La agarró de las mejillas, obligándola a mirarla a los ojos, con los suyos inyectados en sangre, de los que no paraban de manar lágrimas.
BÁRBARA – Mírame. No te voy a dejar sola. Nunca.
Zoe no paraba de llorar. Temía de su estado de ánimo y de que pudiera hacer una estupidez, pero no de su palabra. Quería creerla, pero le estaba resultando harto difícil, viendo todas aquellas pastillas tiradas por el suelo.
BÁRBARA – Siéntate. Siéntate, haz el favor.
La niña acató presta la orden de Bárbara, algo más calmada.
BÁRBARA – Eso de ahí son píldoras para abortar.
Zoe se mantuvo en silencio unos segundos, tratando de poner en orden sus ideas. Bárbara estaba resultando ser una caja de sorpresas últimamente.
ZOE – ¿Quieres…? ¿No quieres tener el… niño?
La respuesta fue rápida y contundente.
BÁRBARA – Sí que quiero. Por supuesto que quiero.
ZOE – ¿Entonces?
La profesora suspiró. Ni ella misma sabía muy bien cómo responder a esa pregunta. Tomó aire para hablar, pero de nuevo volvió a quedarse callada. Repitió esa operación una vez más antes de retomar la conversación.

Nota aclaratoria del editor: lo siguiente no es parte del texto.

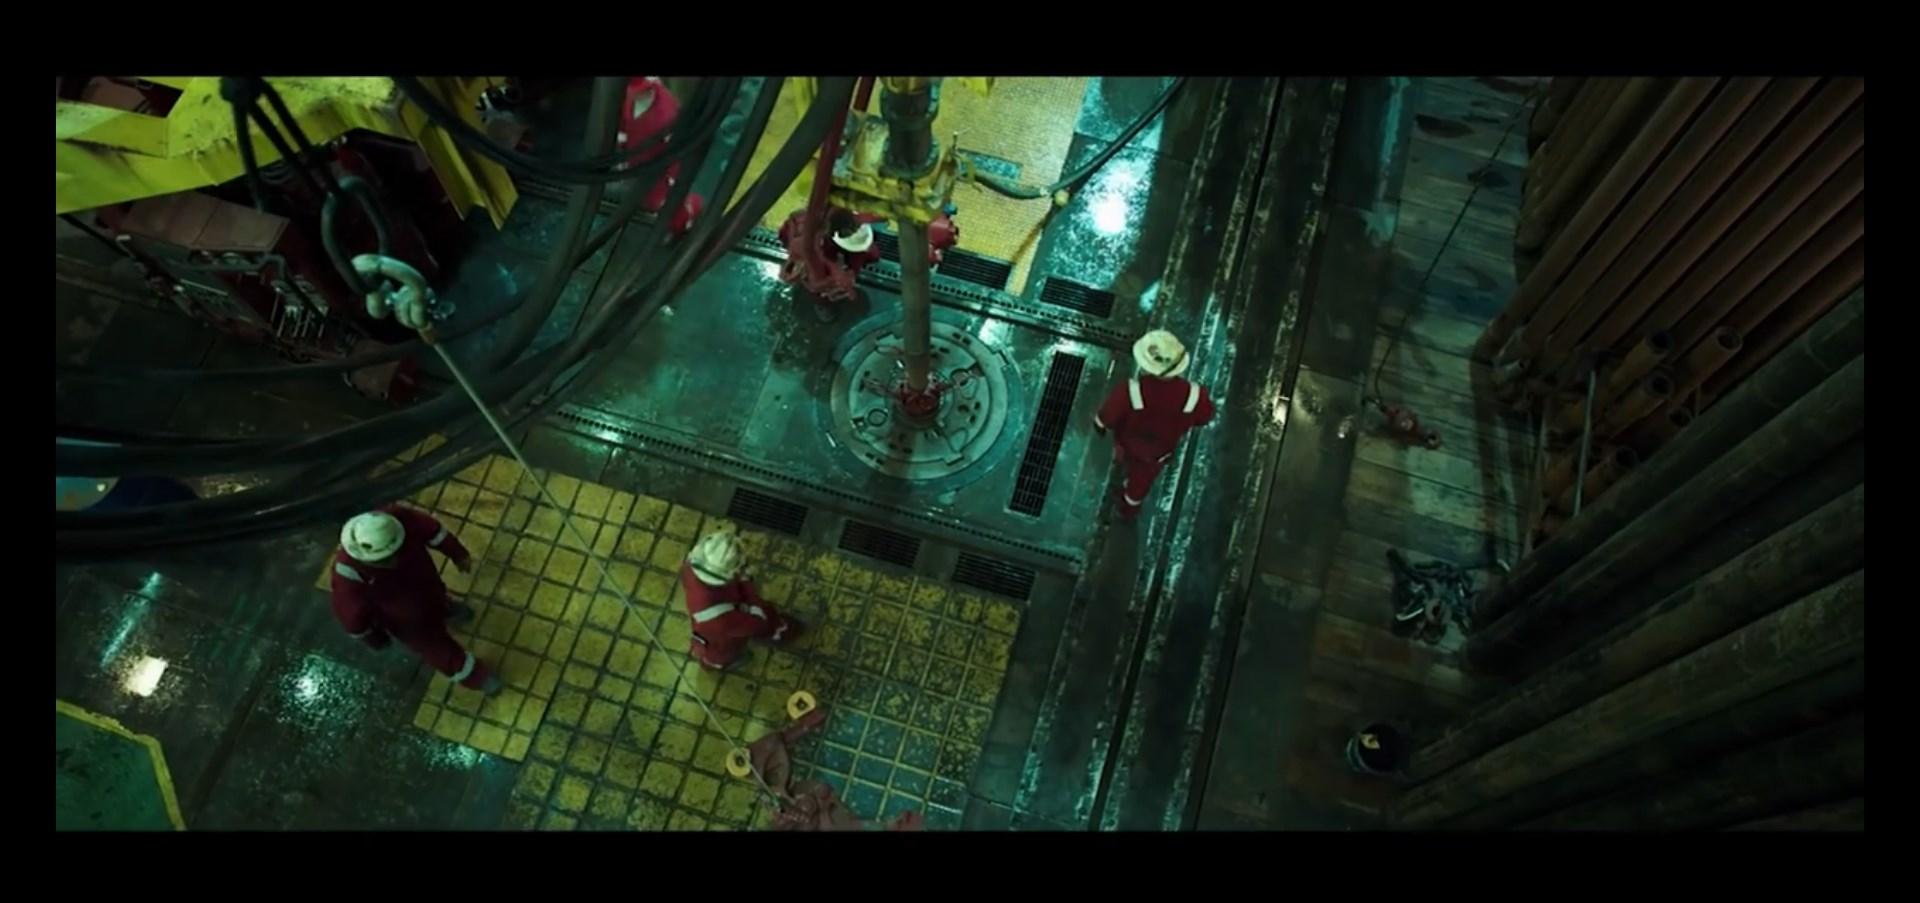 Bild aus dem Film: Deepwater Horizon

BÁRBARA – ¿Realmente crees que vale la pena traer a otra persona al mundo…? ¿Tal y como están las cosas?
Zoe negó con la cabeza. Tenía una expresión muy seria en el rostro. Ya no lloraba.
BÁRBARA – Está todo podrido, Zoe. No es seguro andar por las calles, la gente es capaz hasta de matarse tan solo por un poco de comida. No… no… no hay valores. Este no es el mundo que yo quiero ofrecerle a mi…
Bárbara tragó saliva.
BÁRBARA – No… no creo que valga la pena.
ZOE – Ahí es donde te equivocas.
La profesora frunció el entrecejo. Levantó la mirada y se encontró de frente con aquellos hipnóticos ojos rojos, como el cabello de la niña, tan expresivos, por otra parte.

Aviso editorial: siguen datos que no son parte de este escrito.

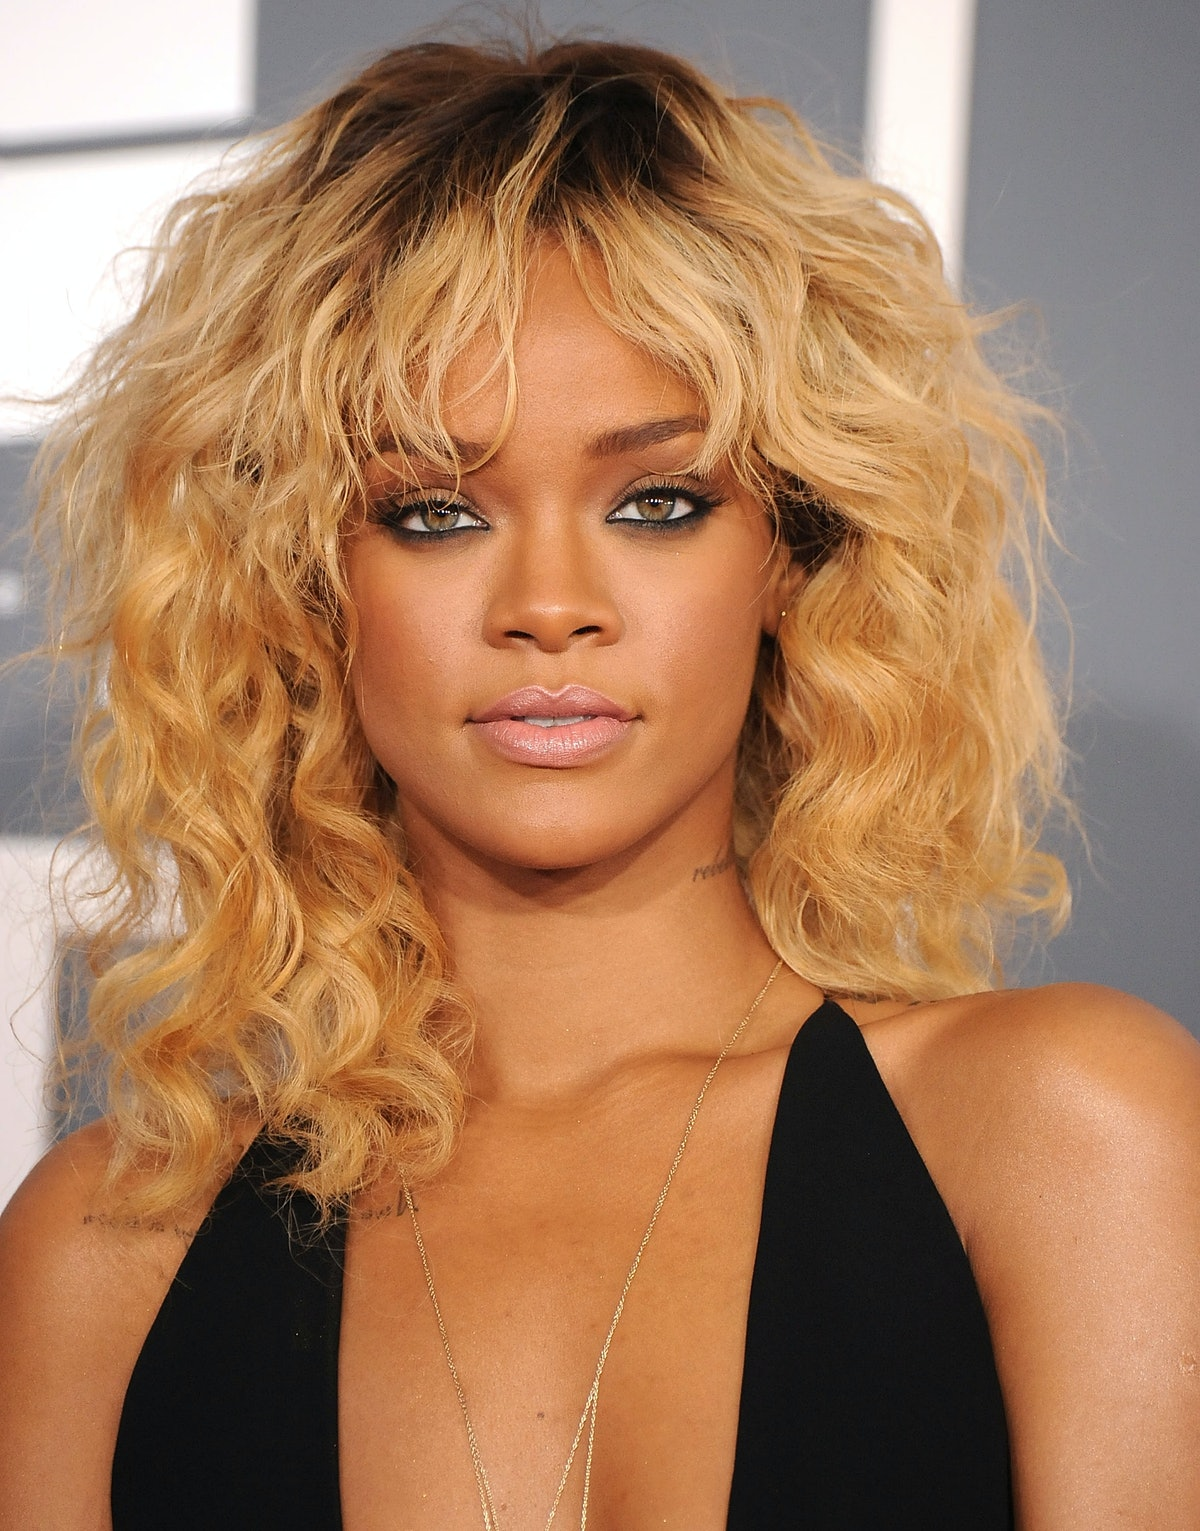 Rihanna at The 54th Annual GRAMMY Awards

ZOE – El mundo es lo que nosotros queramos que sea. No podemos echarle la culpa de ser una mierda, es nuestra la obligación de hacer que deje de serlo. Vale, hay infectados por todos lados, y… gente mala, como Juanjo o… Héctor.
La niña notó un leve escalofrío en la espalda.
ZOE – Tendremos que ir con mucho cuidado, pero… eso no es culpa de él. O… de ella.
Bárbara sintió un agradable calorcillo en el estómago.
ZOE – Mira, Bárbara, haz lo que quieras. Es tu decisión, pero… no me parece bien. A mi, no me parecería bien.
La profesora se mantuvo en silencio unos segundos, reflexionando sobre las palabras de la niña. El silencio se prolongó hasta que resultó incómodo, pero finalmente Bárbara habló de nuevo.
BÁRBARA – Creo que tienes razón, Zoe.
ZOE – ¿Entonces… te lo quedarás?
La profesora asintió. Zoe se limitó a sonreír, orgullosa y satisfecha al saber que tendría un hermano, tal como había deseado prácticamente desde que tenía uso de razón.